In your forties, you need antioxidants to prevent aging and to promote skin elasticity. According to Berry, an easy way to get them in is by eating tons of colorful fruits and veggies. And as a rule of thumb, the brighter the fruit or veggie, the more antioxidants. So, think blueberries, strawberries, oranges, beets, peppers, and more!


Unfortunately, weight management can become more difficult in your forties. As you age, your metabolism slows, so portion control and nutrient-dense foods become more important. You may even need to add more exercise into your schedule—especially weight training to build muscle mass and metabolize calories more efficiently. Cottrill recommends eating unrefined whole grains like whole wheat, brown rice, and oats to help keep blood pressure and cholesterol in check. "They help digestion and make you feel full on less food," she says. "And you'll enter your fifties in great shape."


"Artichokes purify and protect the liver. They also have a mild diuretic effect on the kidneys, which aids in toxin removal once the liver breaks them down," explains Amsterdam. "Some studies have shown that artichokes may actually regenerate liver tissues." They're also high in fiber, which is always good for elimination.


Coconut is a multifaceted food that, according to Amsterdam, can provide many essential nutrients in your forties. "It's rich in fiber, helps to fight Candida Albicans, fungi viruses, and bacteria, and the fatty acids in coconut can boost brain function." Worried about staying sharp?
In your forties and fifties, the body's requirements during perimenopause and menopause for women and man-o-pause for men require an increase in calcium-rich foods, as well as hormone-balancing meals. "To balance hormones, such as leptin, the diet must contain high fiber vegetables to stabilize leptin levels by making you feel full longer. They'll balance cortisol, vitamins, minerals, antioxidants," explains Avellino. "The fiber found in cabbage, broccoli or Brussel sprouts help stabilize blood sugar and insulin by slowing down digestion."

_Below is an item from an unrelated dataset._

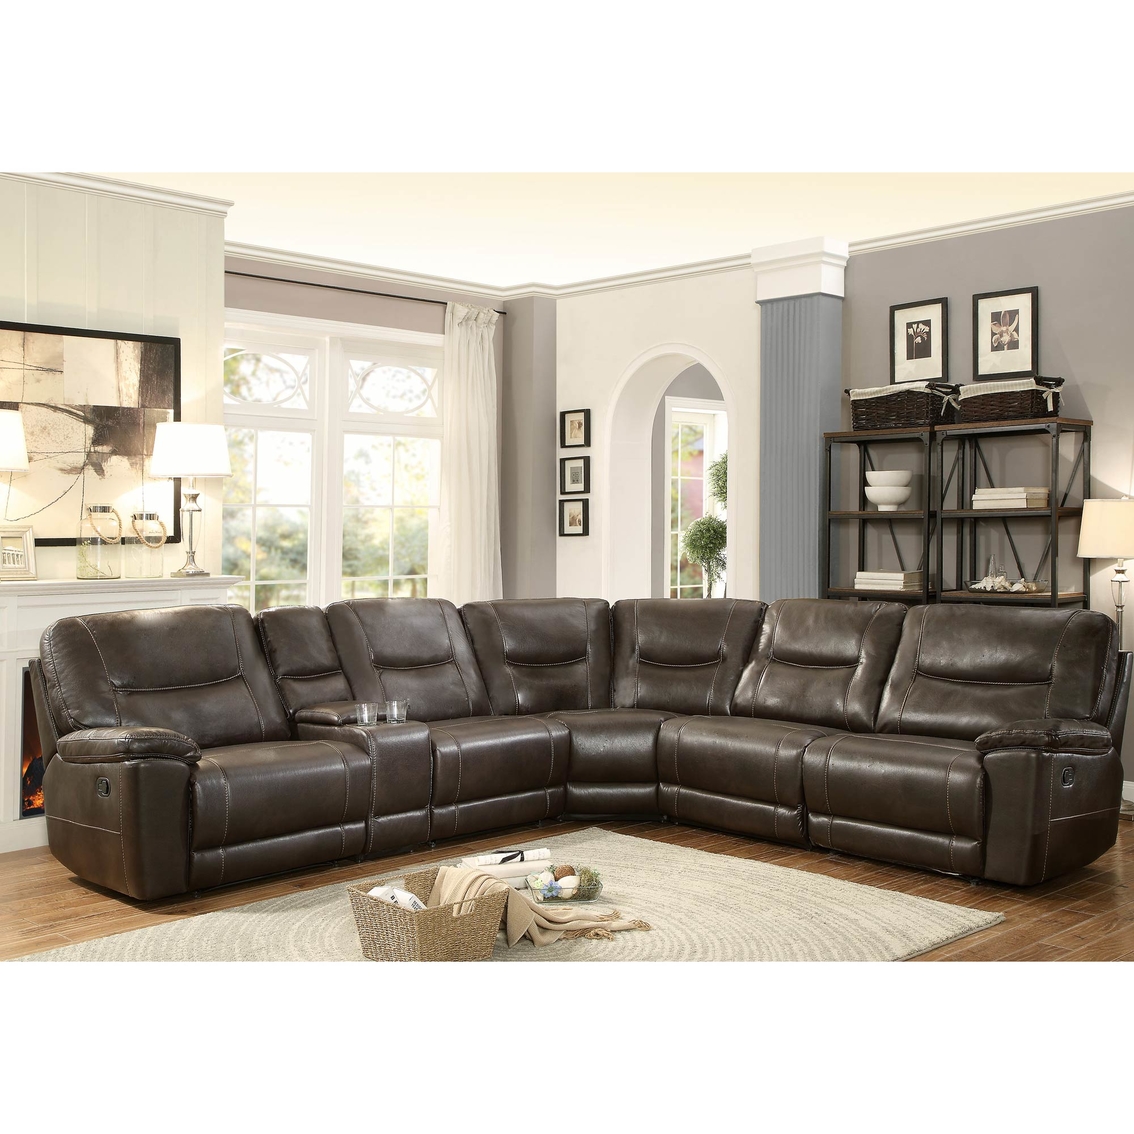 Homelegance Columbus 6 Pc. Reclining Sectional | Sofas & Couches ...

"Animal protein can slow metabolism, but protein remains an important element for health and longevity," explains Riemann. "So, decreasing animal protein and increasing plant protein can be a great way to give your body what it needs. Whole grains, lentils and beans provide some of the best sources of plant-based protein, as well as an array of healthy nutrients.


Eggs are low in calories and are a complete protein, which makes this food great for building muscle and maintaining a healthy weight. "In addition, eggs are rich in omega-3, choline, and are important for nerve function and healthy metabolism," says Amsterdam. "They're also rich in the antioxidants lutein and zeaxanthin, which are important for eye health."



Brazil nuts are filled with vitamins and nutrients that support so many important functions as you get older. "They contain selenium, calcium, iron, copper, magnesium, manganese, potassium, phosphorus, zinc, and fiber," says Amsterdam. "This exotic nut helps to support healthy cholesterol levels, which prevents blood clotting and, consequently, reduces the risk of heart attacks and strokes." Plus, Brazil nuts contain vitamin A and E, which can reduce wrinkles increase skin collagen!